» To do
Return the data below unchanged. Drop any pictures.

» The data

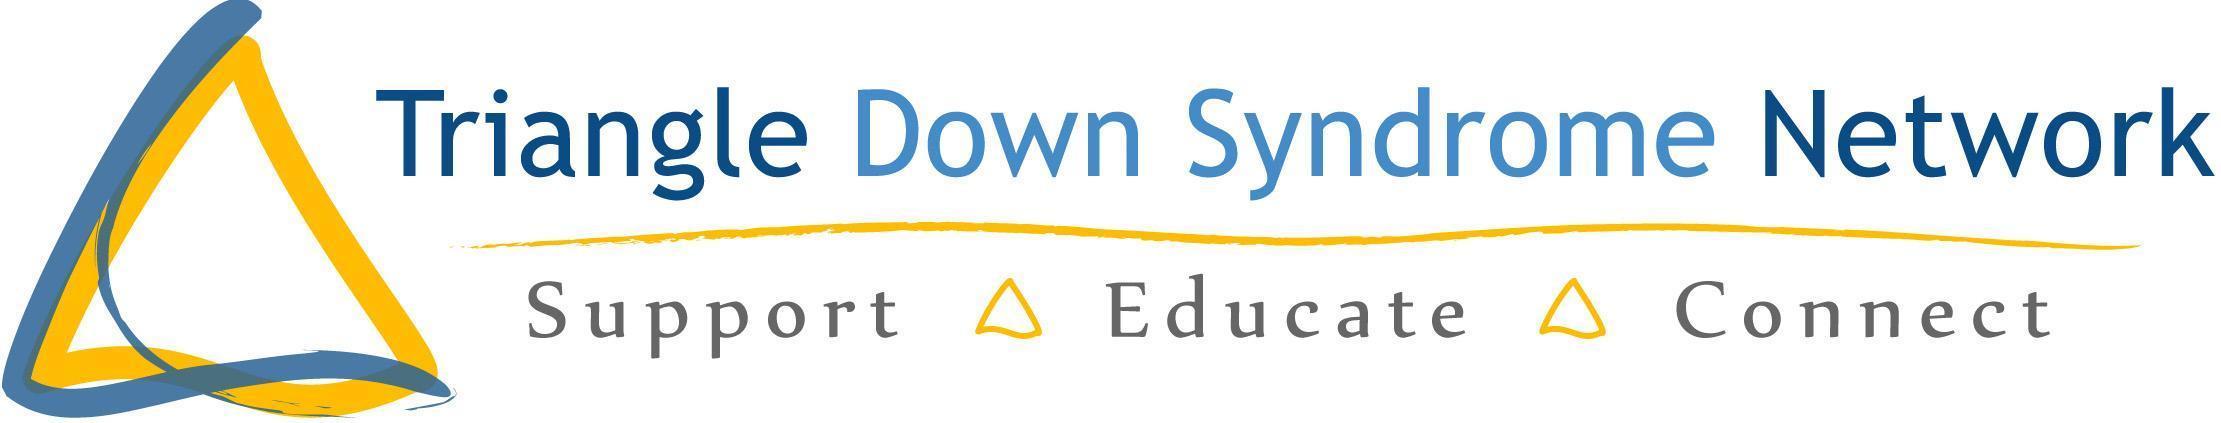 triangle down syndrome network owler 20160228 095735 original
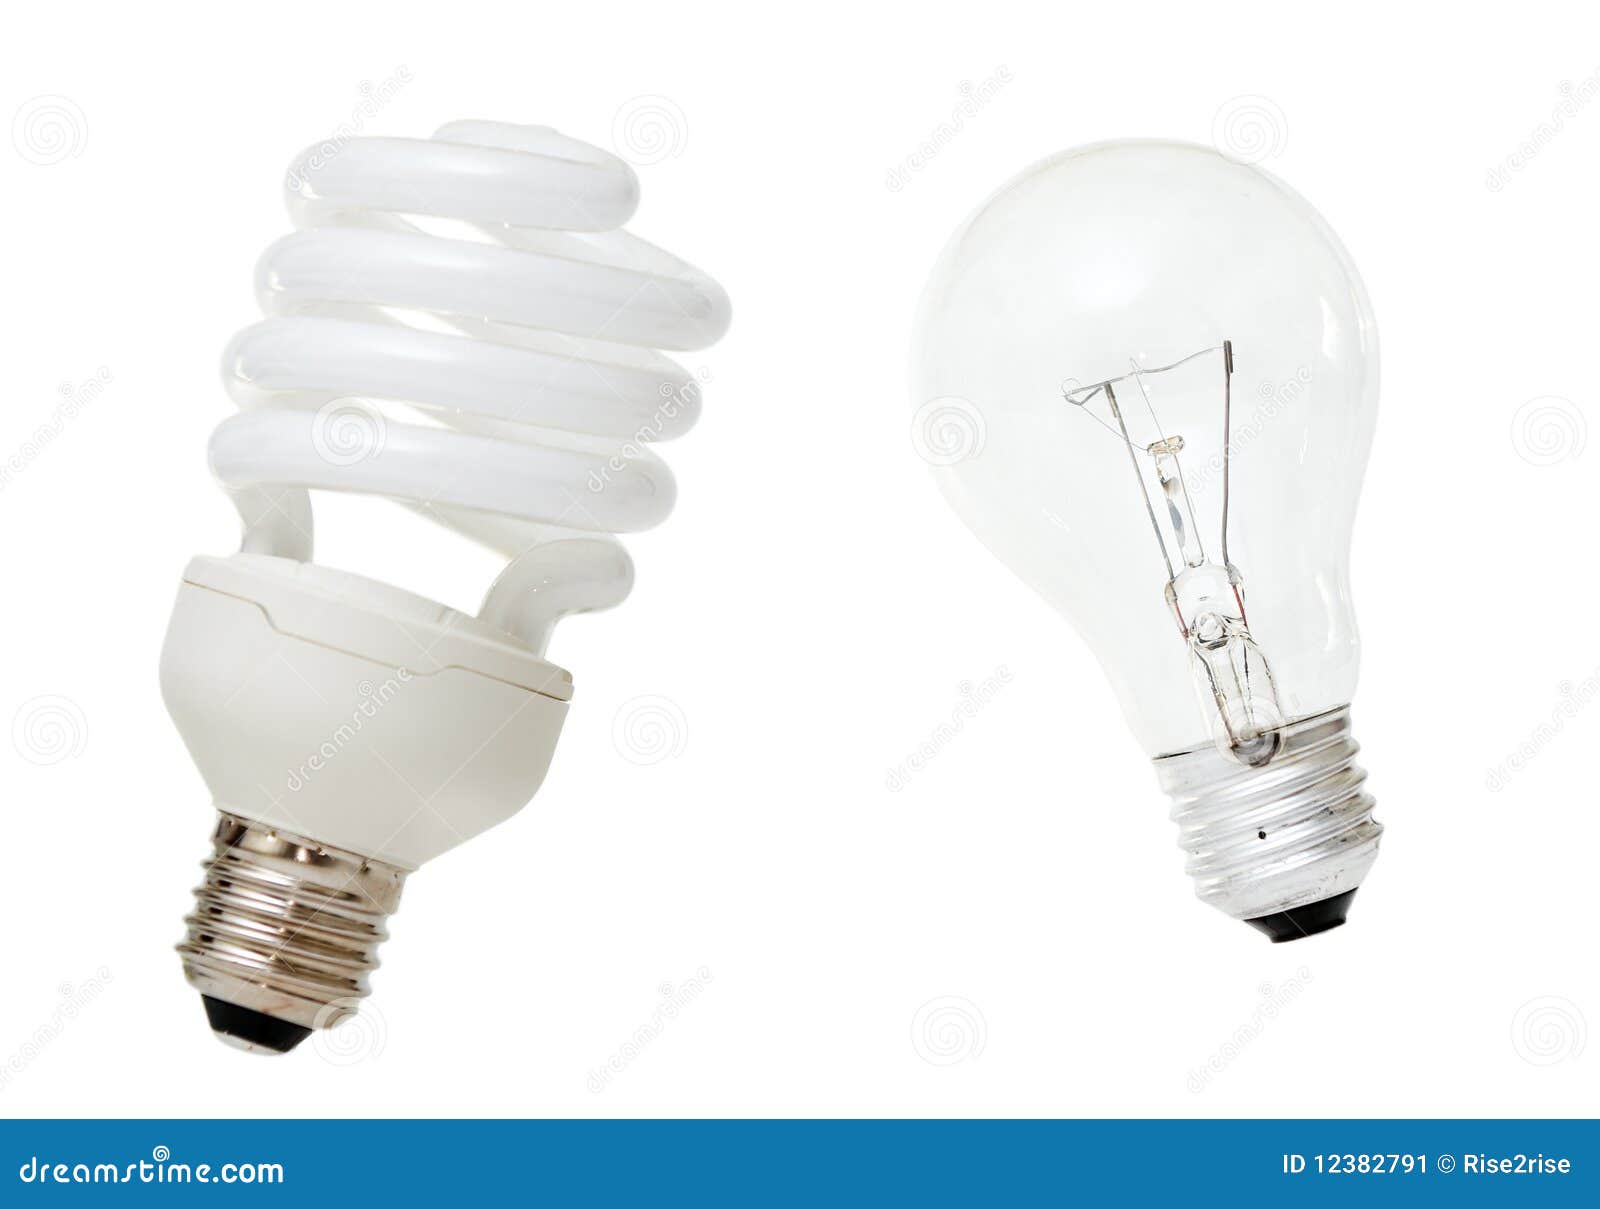 compact fluorescent lamp & incandescent bulb
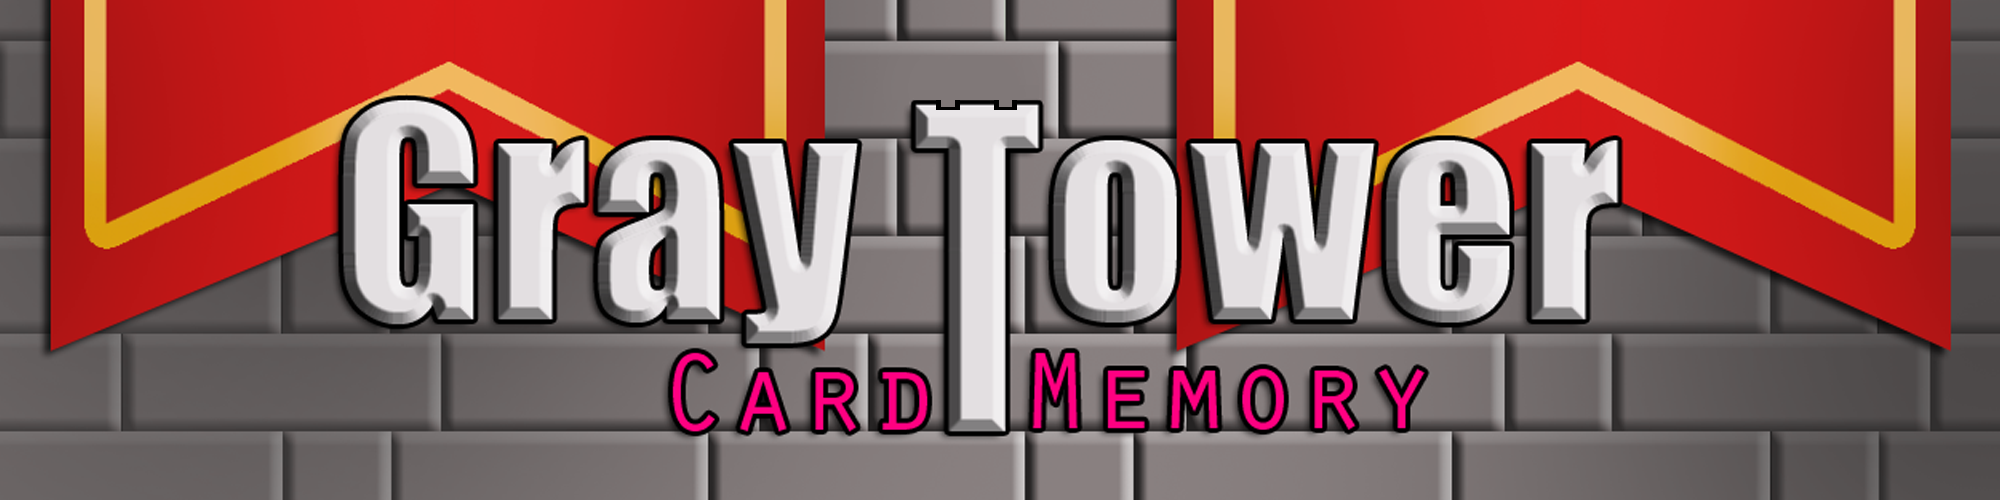 Gray Tower Card Memory

» Solution for this task
 triangle down syndrome network owler 20160228 095735 original
 compact fluorescent lamp & incandescent bulb
 Gray Tower Card Memory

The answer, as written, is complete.